MC Ryan é transferido de presídio após “assédio” de advogados e caso ganha novos contornos
Investigado por ligação com esquema bilionário, funkeiro é levado para unidade no interior enquanto defesa questiona prisão
O cantor MC Ryan SP foi transferido do Centro de Detenção Provisória (CDP), na capital paulista, para a Penitenciária II de Mirandópolis, no interior de São Paulo, em um episódio que chama atenção não apenas pela mudança de unidade, mas pelos motivos incomuns que cercam a decisão.
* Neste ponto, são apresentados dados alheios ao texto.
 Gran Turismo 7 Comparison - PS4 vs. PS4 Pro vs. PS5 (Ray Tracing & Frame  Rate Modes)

Segundo a defesa, o artista estaria recebendo um volume excessivo de visitas de advogados interessados em assumir sua representação — um cenário descrito como verdadeiro “assédio jurídico”.
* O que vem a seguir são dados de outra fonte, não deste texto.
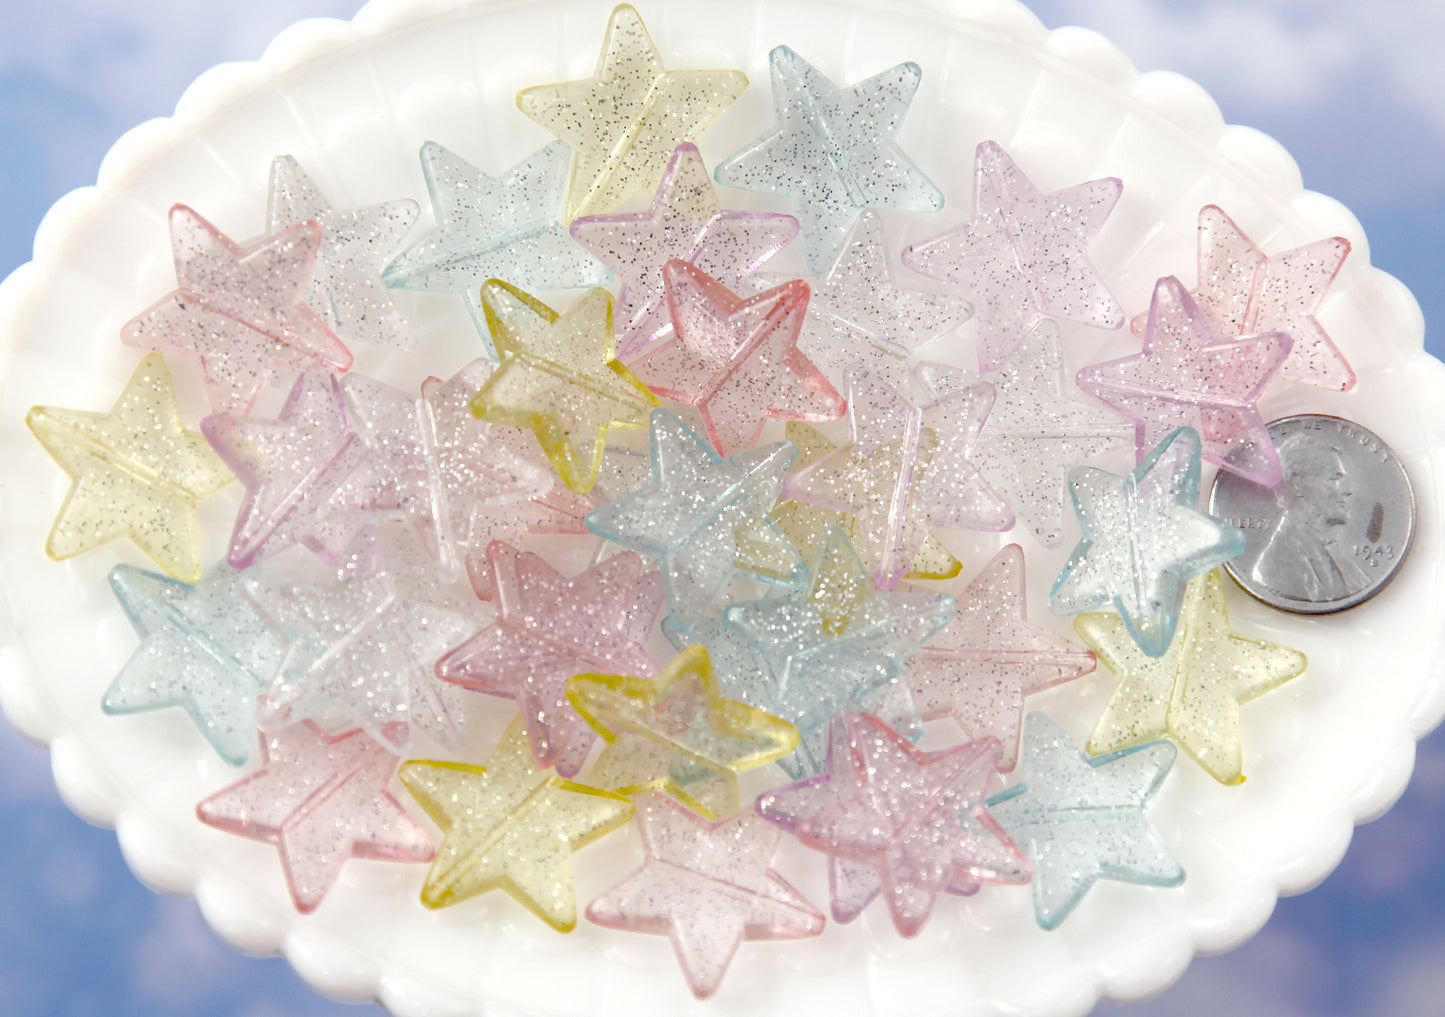 Glitter Star Beads - 22mm Pretty Pastel Glitter Plastic Star Beads - 30 pc set

📍 Transferência inesperada e motivo inusitado
De acordo com o advogado Felipe Cassimiro, mais de cem profissionais teriam procurado o cantor dentro do presídio, tentando oferecer serviços jurídicos. A movimentação incomum teria motivado a administração penitenciária a transferi-lo para uma unidade mais distante.
A Secretaria de Administração Penitenciária de São Paulo confirmou a transferência, mas evitou detalhar oficialmente as razões.
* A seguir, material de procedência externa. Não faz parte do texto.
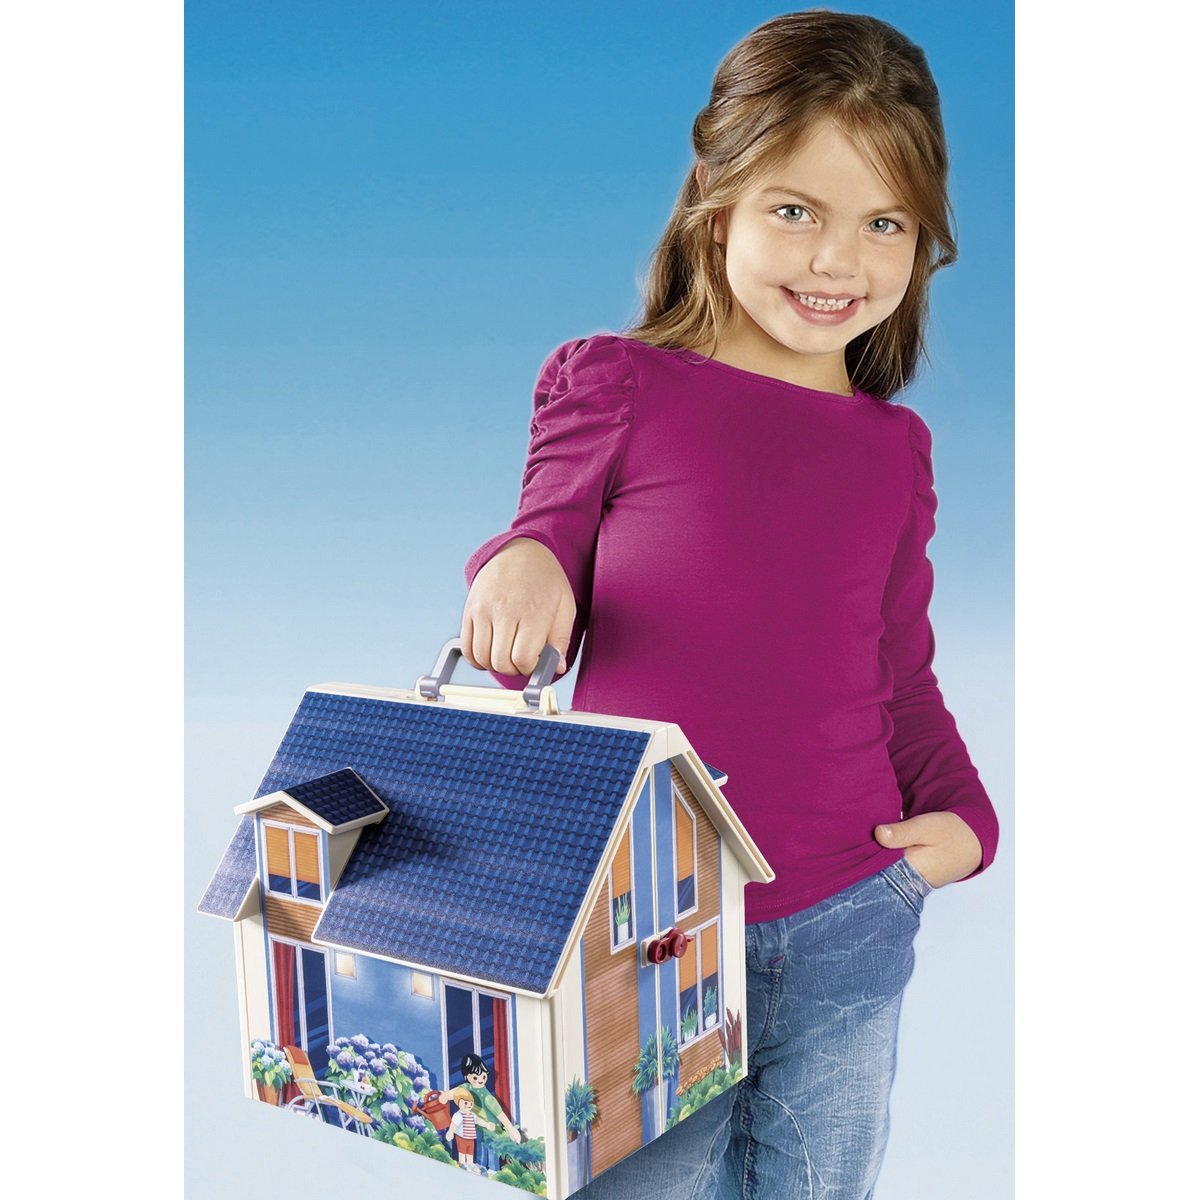 Maison Playmobil en solde

A mudança, no entanto, gerou impacto direto: Mirandópolis fica a cerca de 600 quilômetros da capital, o que dificulta o contato com familiares — algo que a própria defesa afirma não ter desejado.
💰 Investigação envolve cifras bilionárias
O nome de MC Ryan SP aparece como um dos principais alvos da Operação Narco Fluxo, conduzida pela Polícia Federal do Brasil. A investigação apura um suposto esquema de lavagem de dinheiro ligado ao crime organizado, com movimentação estimada em até R$ 1,6 bilhão.
As suspeitas incluem o uso de plataformas de apostas e jogos online para ocultar recursos provenientes, segundo as autoridades, de atividades ilícitas como o tráfico internacional de drogas.
Outros nomes conhecidos também foram citados na operação, como o cantor Poze do Rodo e o empresário Raphael Sousa Oliveira.
⚖️ Prisão contestada pela defesa
Apesar da gravidade das acusações, a defesa sustenta que a prisão preventiva é desnecessária e desproporcional. Segundo o advogado, o cantor é réu primário e poderia responder ao processo em liberdade, com medidas cautelares.
O caso já teve reviravoltas: anteriormente, o ministro Messod Azulay Neto chegou a conceder habeas corpus, classificando prisões temporárias como ilegais. No entanto, novas decisões judiciais voltaram a determinar a prisão preventiva dos investigados.
🔎 Operação de grande escala
A Operação Narco Fluxo mobilizou cerca de 200 agentes e cumpriu dezenas de mandados em diversos estados brasileiros. Além das prisões, a Justiça determinou o bloqueio de bens que podem chegar a R$ 2,26 bilhões — valor estimado com base nas movimentações suspeitas.
🧭 Entre fama e investigação
O caso escancara um fenômeno curioso e preocupante: a interseção entre celebridade, sistema penal e interesses financeiros. A grande quantidade de advogados buscando o caso evidencia o peso da fama — e também levanta questionamentos éticos sobre a atuação profissional em situações como essa.
Enquanto isso, MC Ryan SP segue preso, agora longe da capital, aguardando os próximos capítulos de uma investigação que ainda promete desdobramentos significativos.